▶ What is needed: When you copy the data, keep every word exactly as it is and leave the pictures out.

▶ Data below:
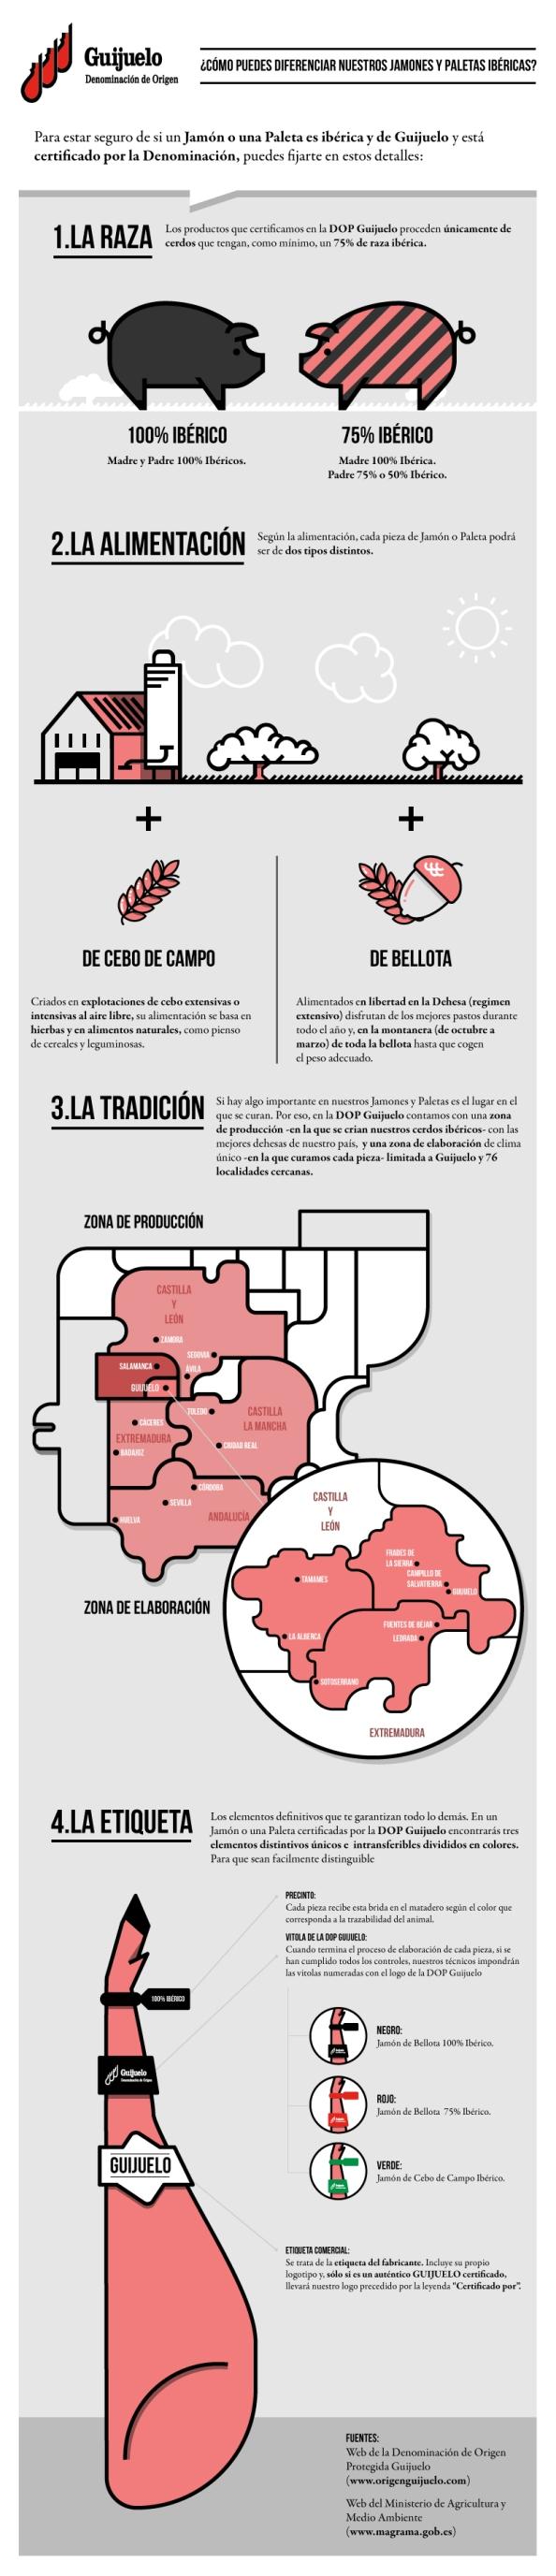 guijuelo-infografia-jamon-v14
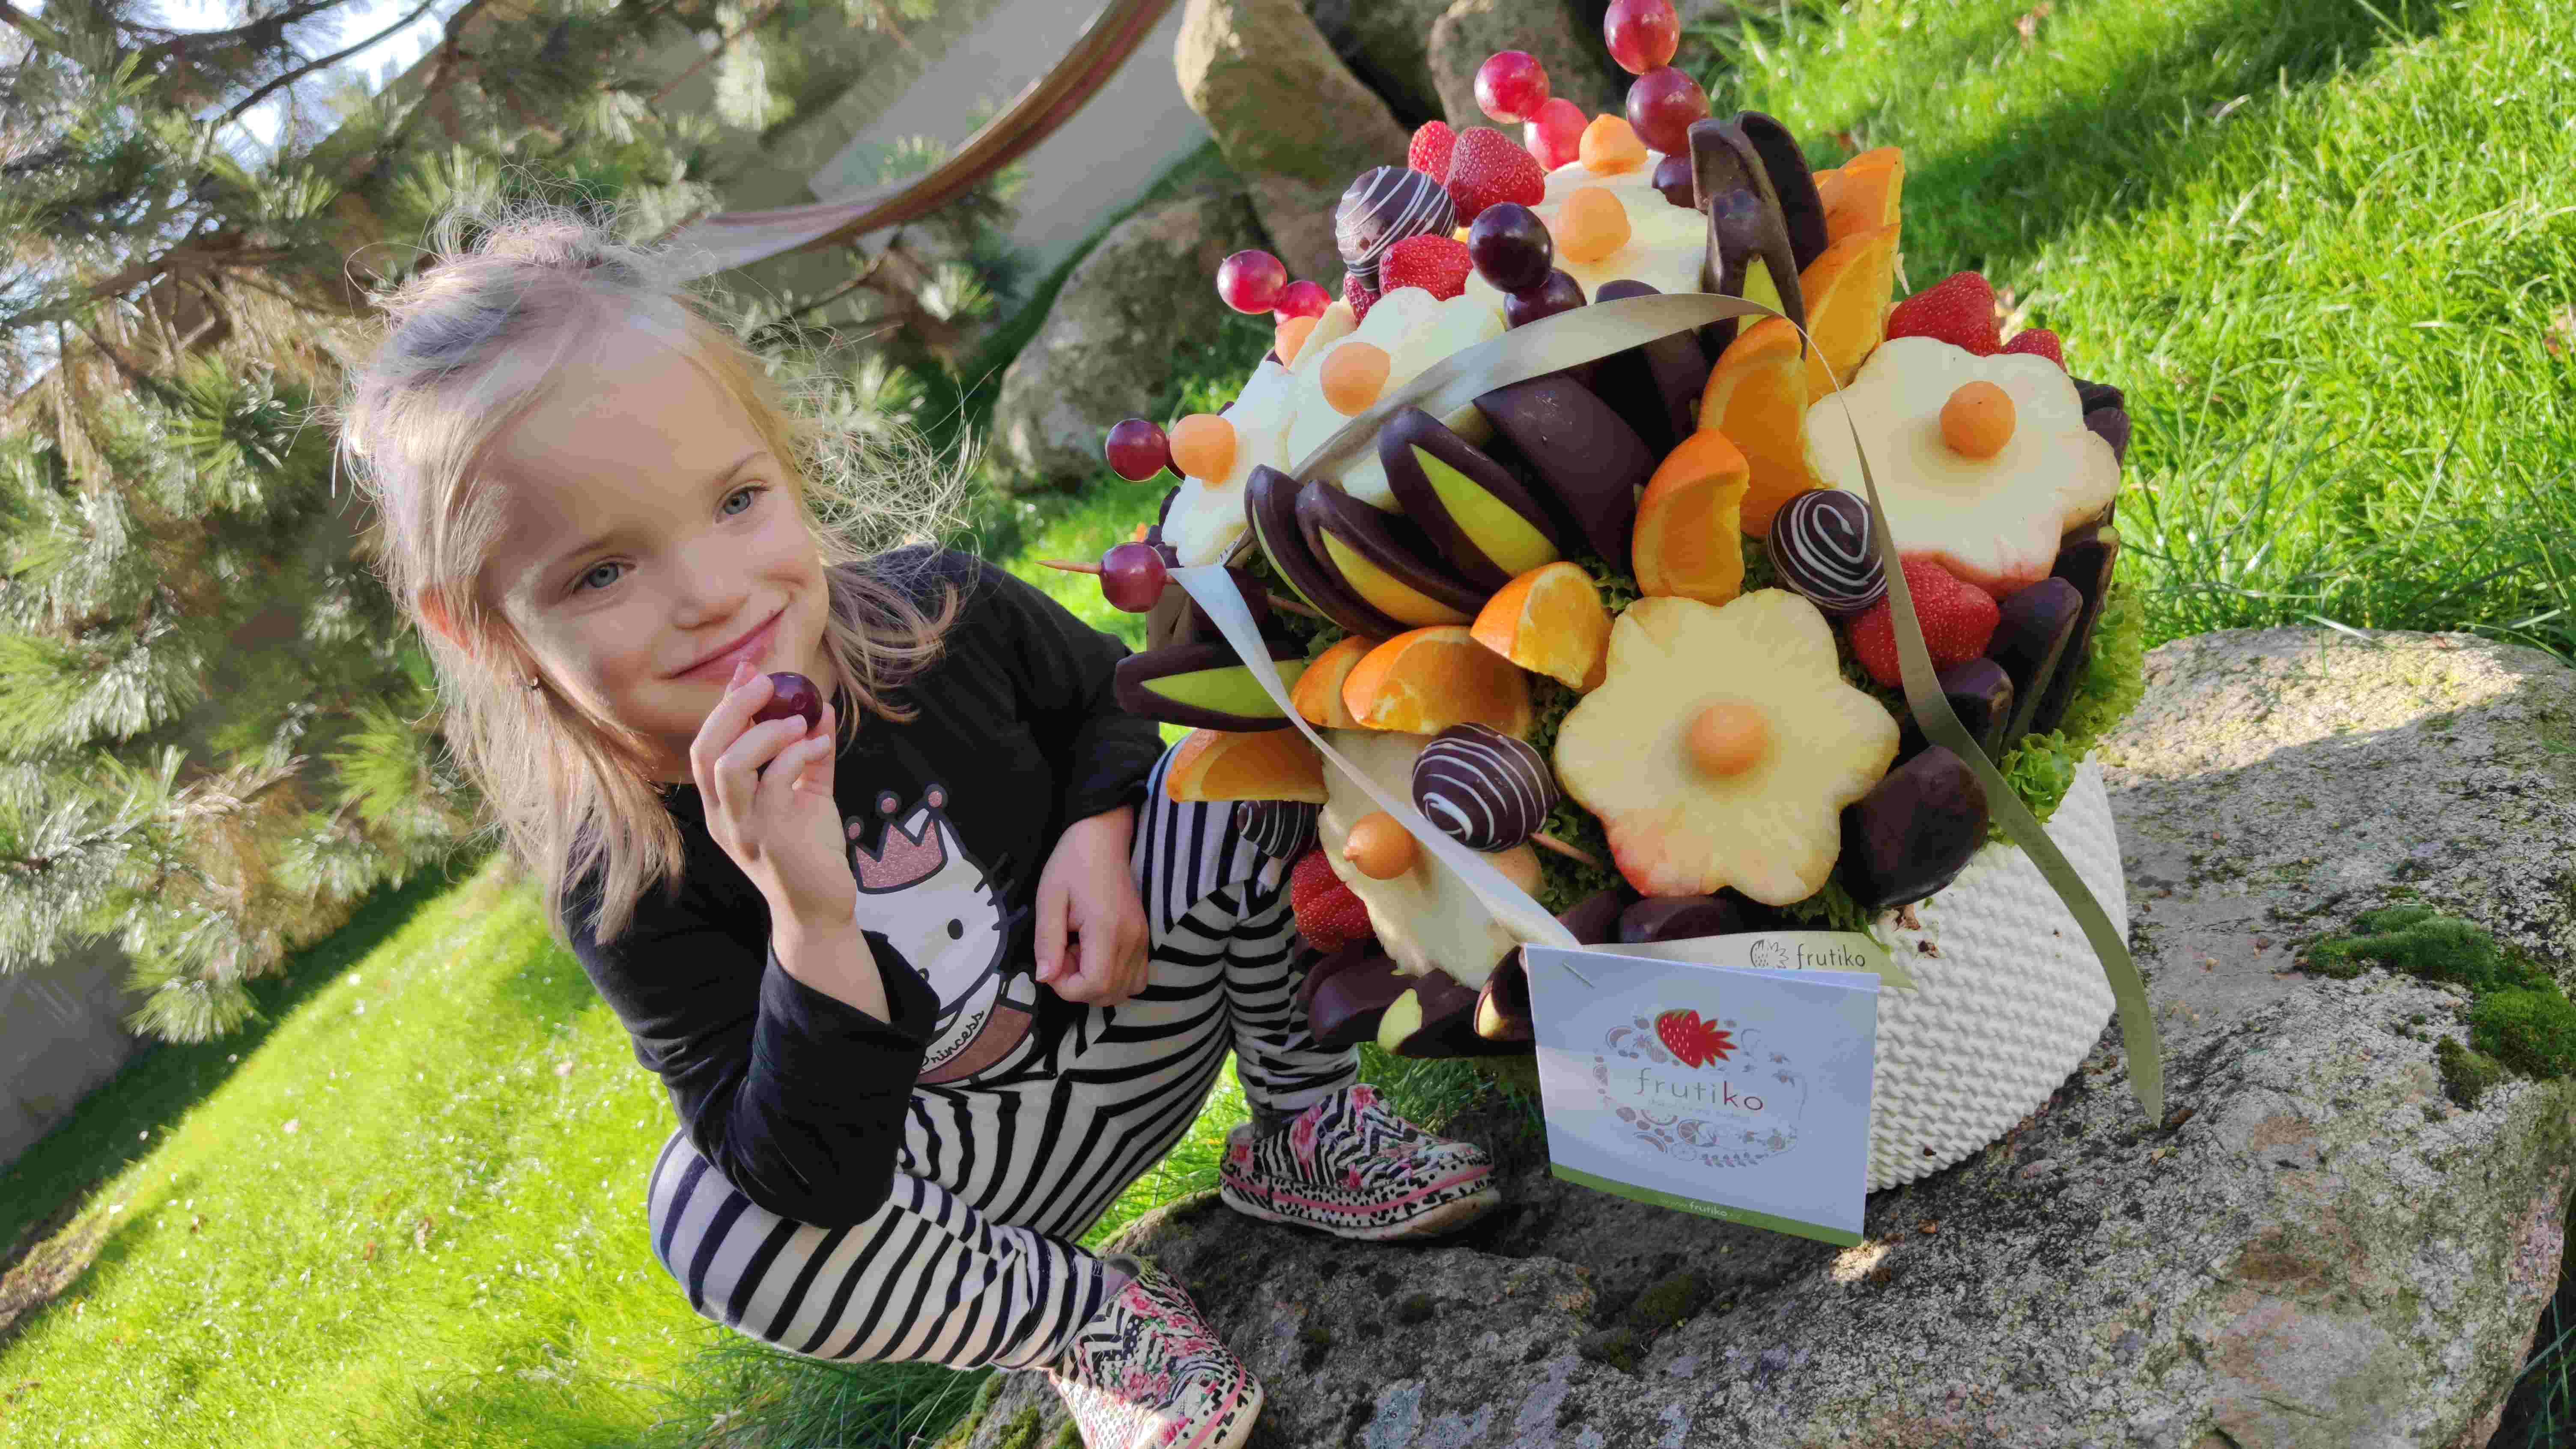 Recenze Frutiko: Jedlá kytice, ovocná kytice
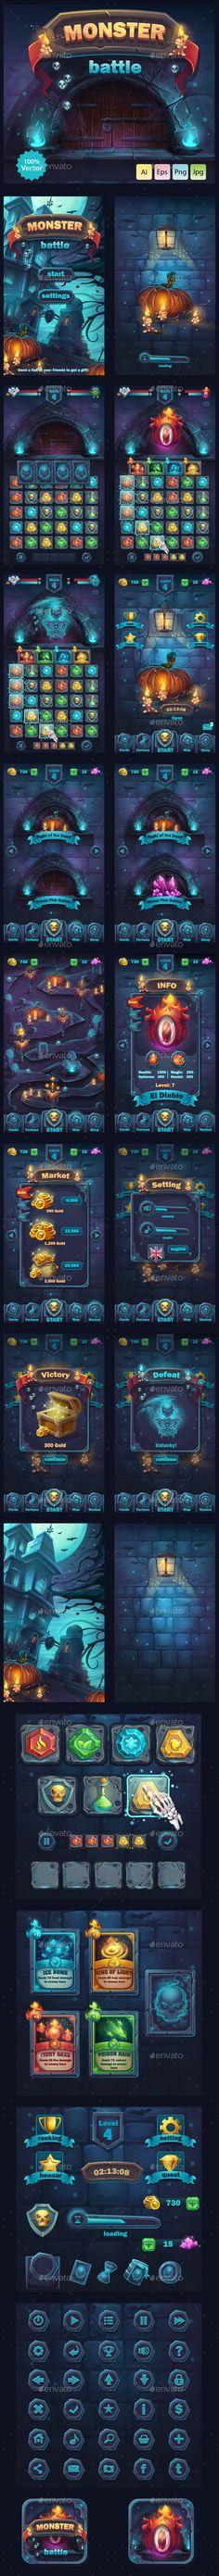 Monster Battle GUI Download link: https://graphicriver.net/item/monster-battle-gui/19841074?ref=klitz

▶ Solution for this exercise:
 guijuelo-infografia-jamon-v14
 Recenze Frutiko: Jedlá kytice, ovocná kytice
 Monster Battle GUI Download link: https://graphicriver.net/item/monster-battle-gui/19841074?ref=klitz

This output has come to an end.